Lukas Hellings (Belgium, b. 2000) is a composer and musician developing work from within Studio Miou, a creative studio built around long-term research and collaboration across disciplines.
His compositional practice spans electronic and electroacoustic work, grounded in a sustained engagement with frequency, harmonic systems, and duration. The work is developed through open-ended research and long-term inquiry, driven by curiosity rather than predetermined outcome, an investigation into the fundamental materials of sound and the worlds they make possible.
Hellings grew up in Genk, Limburg, where an early training in classical piano gradually gave way to a deeper interest in frequency, synthesis, and the act of listening itself. Leaving formal music education, he began learning by ear, a shift that fundamentally changed his relationship to sound. He went on to study audio engineering at PXL-Music, Belgium – where immersion in analog signal chains, tape machines, and studio practice shaped both his technical understanding and his artistic sensibility. In the years that followed, he worked across composition, audio engineering, and technical production – building the foundations of a practice oriented toward long-term inquiry rather than immediate result.

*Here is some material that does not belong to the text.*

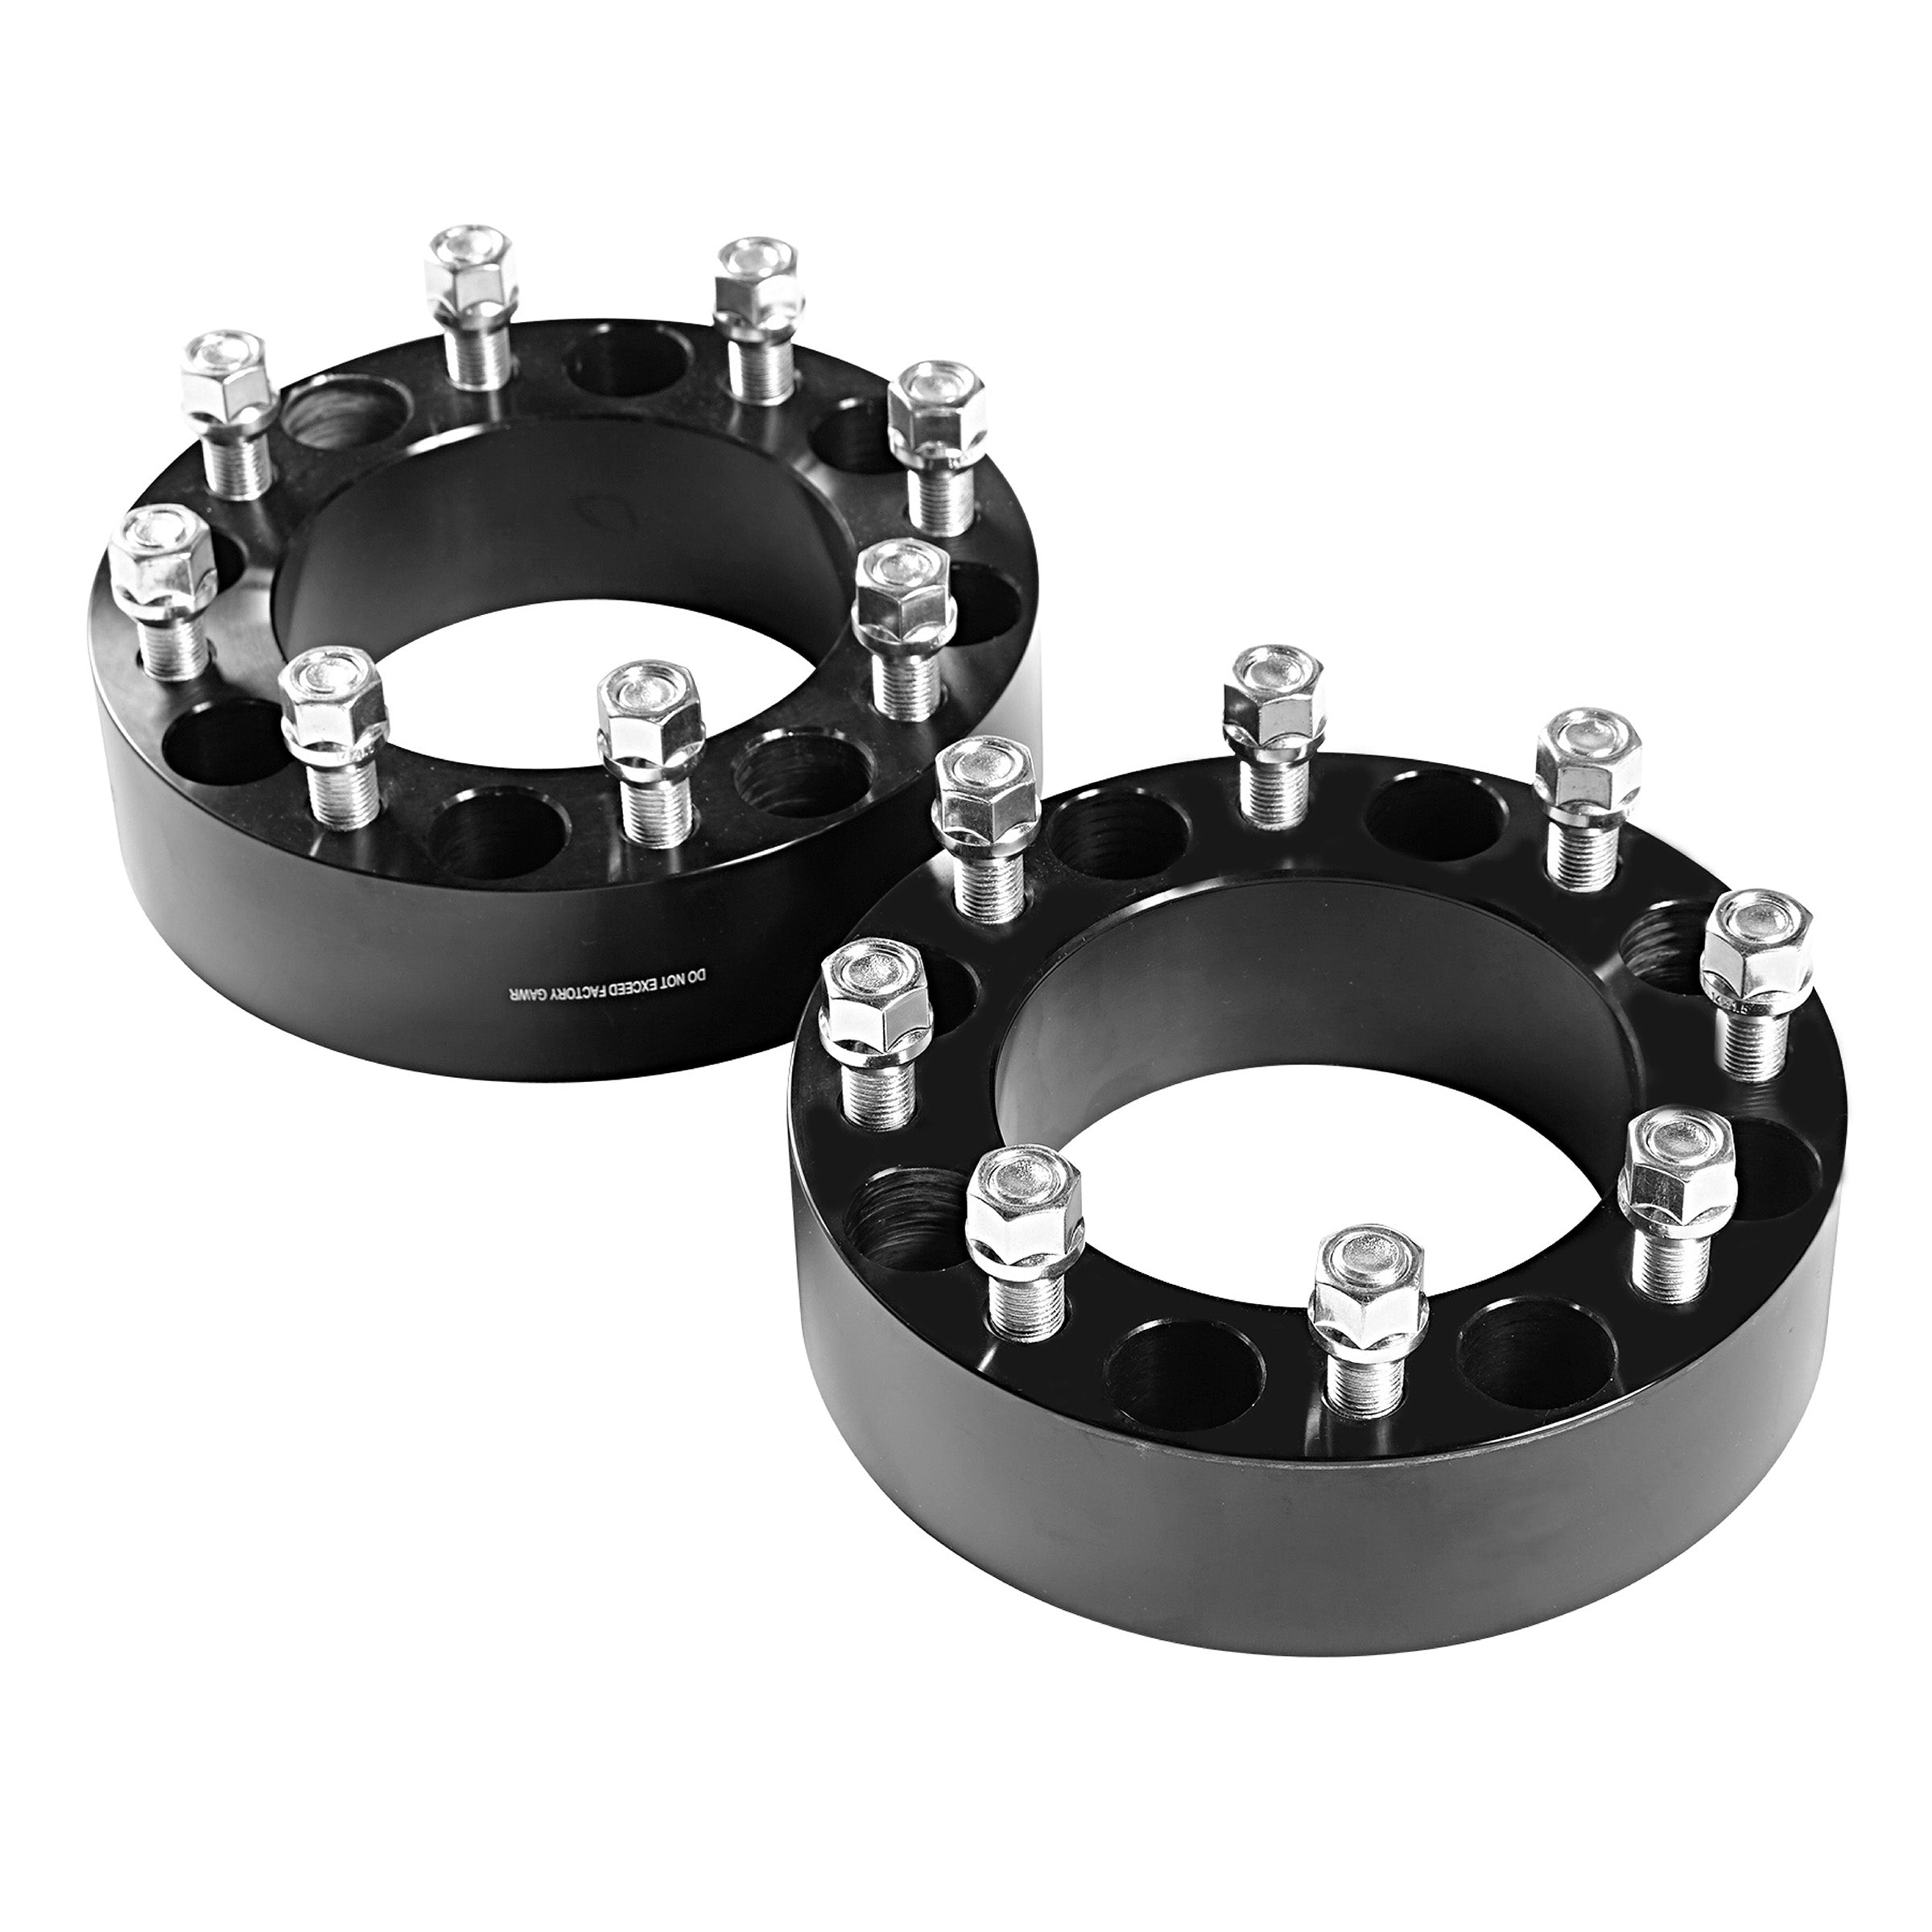 8 lug wheel spacer 2 inches 8x170 mm Ford bolt pattern

Choreography represents a new and expanding dimension of his work — one that has quickly become central to where his practice is heading. His debut score for Romeo + Julia, made with choreographer Marcos Morau for Opera Ballet Vlaanderen, was the entry point — an encounter with movement that revealed new possibilities in how sound could be conceived and experienced. Timing, weight, and physical presence became inseparable from the sonic decisions. His subsequent collaboration with Opera Ballet Vlaanderen, Hadal Zone, made with choreographer Allison McGuire, premiered in November 2025, deepening that territory further into a shared process that neither discipline could have arrived at alone.
Collaboration remains central to how the work is made. Sustained exchanges with performers and choreographers allow sound and movement to be shaped together — tested, revised, and transformed through time and proximity.
His work has been presented at Opera Antwerp, Opera Gent, Opéra de Lille, Festspielhaus St. Pölten, Amare Theatre The Hague and Concertgebouw Brugge. He is currently developing new work across dance, concert, and performance contexts.